Belfast council decides to have 2 trees cut so wind turbine parts can get through

Posted May 18, 2011, at 12:29 p.m.
Last modified May 18, 2011, at 7:18 p.m.

BELFAST, Maine — Two trees that have been standing in the way of a plan to transport giant wind blade components from the ocean terminal at Mack Point to western Maine are going to come down.

After lengthy debate over their fate at Tuesday night’s regular City Council meeting, councilors voted unanimously to let engineers remove the trees, which are now rooted on a city-owned right of way at the corner of Field and High streets. The engineers told councilors that one in particular — a roughly 25-foot-tall tree that appears to be an American basswood — poses a significant hazard to the plan.
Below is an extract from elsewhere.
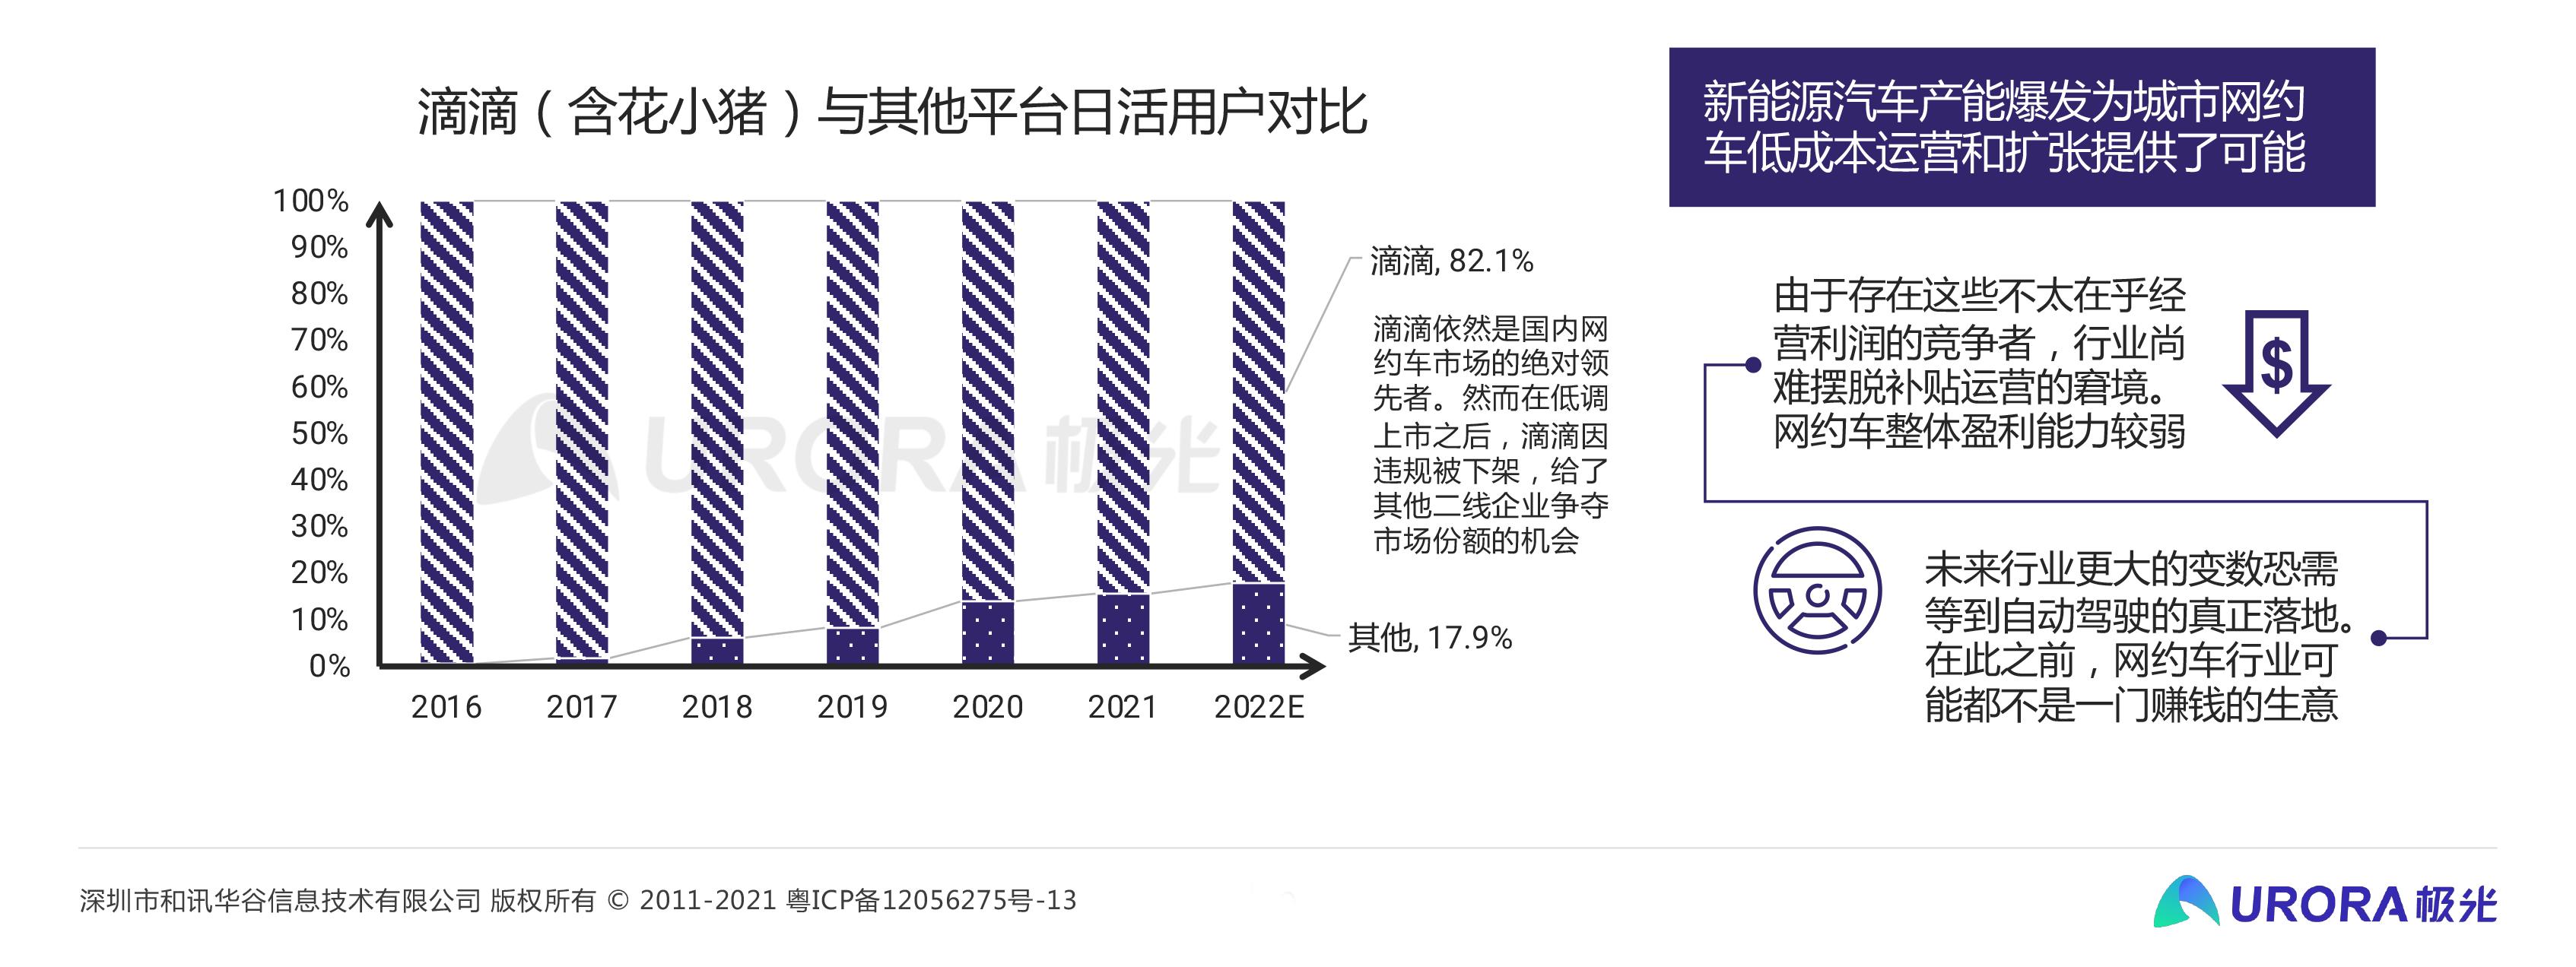 移动互联网5年回顾与展望0730定稿-9.png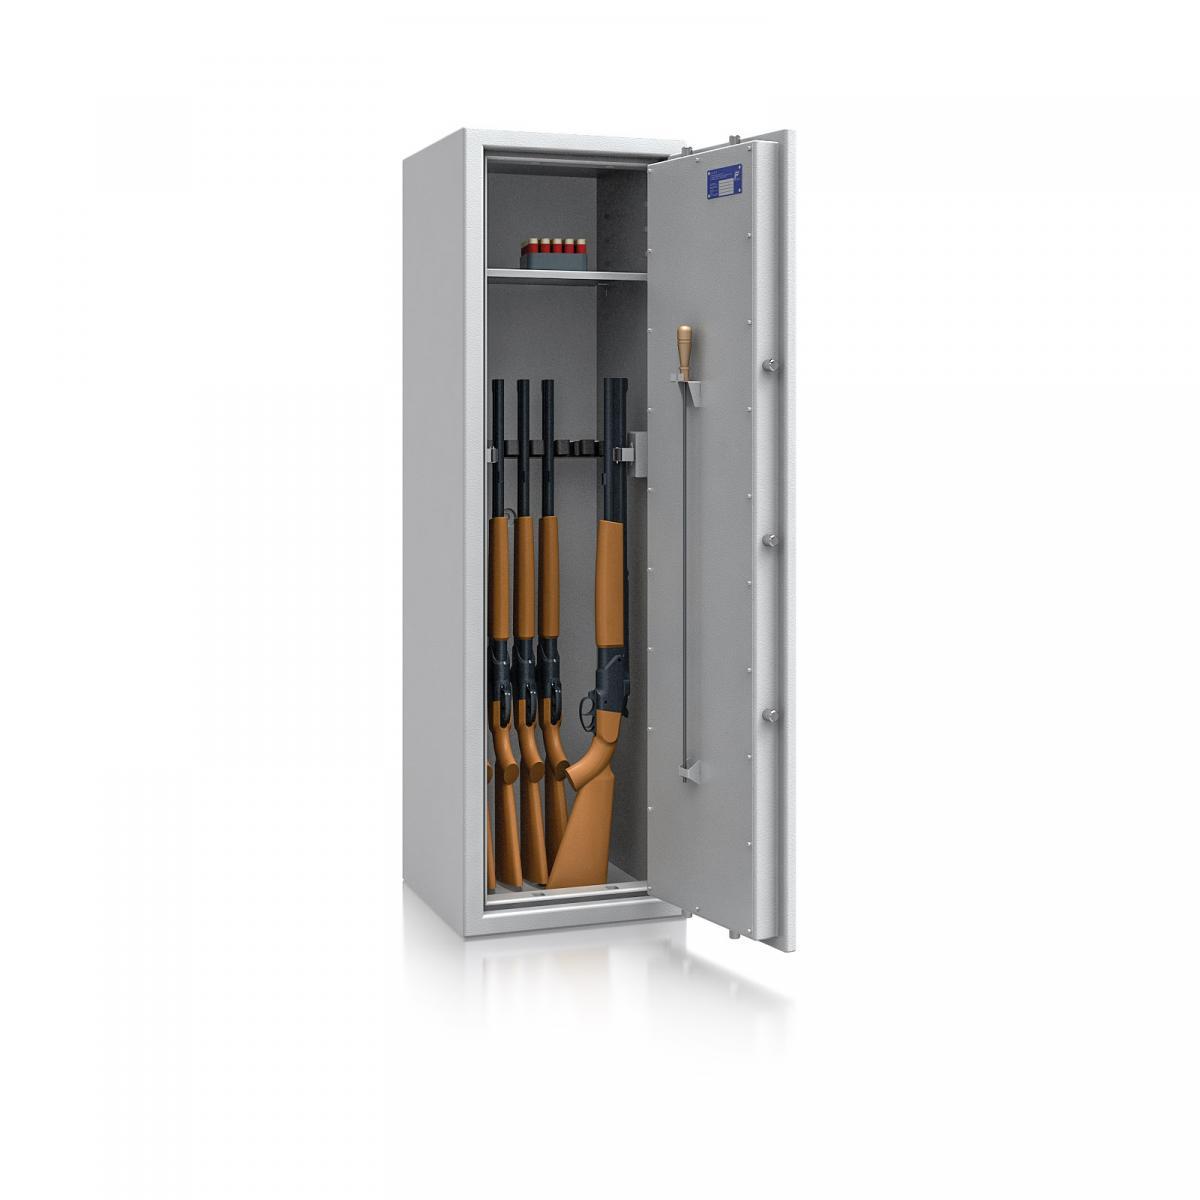 Waffenschrank St. Gallen WF NEW 5 - 1500x450x450 / 170kg 56474 / Klasse I / RAL7035 / Schlüssel / DIN R

“The trucks will find it an obstacle,” said Glenn Correll, a project engineer at Sewall Co. in Old Town. “It’s not that we have anything against trees, or against Belfast. It’s just that we want the process to move smoothly.” Engineers described Belfast as the most challenging segment on the 100-mile journey the blade components will take between Searsport and the New Hampshire border.

The councilors had talked about the matter at their last meeting two weeks ago, after which they asked the engineers to return with more information. Additionally, two years ago, the council voted after much discussion to cut the same trees down to allow other wind turbine parts to move through the city. Some of the same councilors Tuesday night said they had had enough talk.  

“I love trees. I’ve planted a lot of them. I’m ready for this tree to go,” Councilor Michael Hurley said.

Correll and a project manager from Reed & Reed General Contractors in Woolwich attended Tuesday night’s meeting to persuade councilors that it was in the best interest of everyone to chop down the two trees and some saplings.

But not all councilors were convinced.
“It’s not optimal for the tree,” Councilor Eric Sanders said.

Abutting landowner Justin Sanderson also would prefer that the tree remain. He said Wednesday in an email to the Bangor Daily News that the tree acts as a buffer between the apartment house he owns and the busy street. 

“The beauty of the tree benefits everyone who lives in the area,” he wrote. “The tree is simply very grand and it makes the entire area more attractive and aesthetically pleasing. By removing the tree, the area becomes less residential and more industrial. I am not sure that is a good thing for the residents.”

The wind blade components for an Independence Energy wind farm in Roxbury will begin to come through Belfast on Route 1 in late August. Engineers said the 200-foot-long truckloads will be too tall to fit under the High Street bridge.

As has happened in the past without incident, engineers propose to close Route 1 temporarily so that the loads can cross over the median, go up the down ramp and then cross High Street before returning to the coastal thoroughfare by the wrong ramp.

It’s a complicated plan, engineers said, but has worked well before as components traveled through Belfast in the summers of 2009 and 2010. At that time, the trucks were able to maneuver through two tight turns without needing to remove those particular trees.

But this time, the cargo is so long and the turns so tight that the designers fear the trees will be dangerous obstacles to the trucks’ path.

By leaving the trees, “you risk killing somebody, and who’s liable for that?” Correll asked councilors Tuesday night.

That seemed to be the argument that persuaded the councilors.

“I don’t want anybody to die from a tree,” Sanders said, right before the unanimous vote to remove two trees.

Correll and Brian Holmes, the Reed & Reed project manager, said after the meeting that the councilors’ decision was a relief and that Reed & Reed will be responsible for the trees’ removal.

City Manager Joe Slocum said Wednesday that the city has offered to let Sanderson help choose what to plant after the tree at the corner of High and Field streets is removed. He said that Belfast recognizes that Sanderson and his tenants benefit from the shade and beauty that the tree provides.

“We clearly understand that Belfast is a town that’s crazy for trees. Probably the hardest thing for me to do in the city of Belfast is cutting a tree,” he said.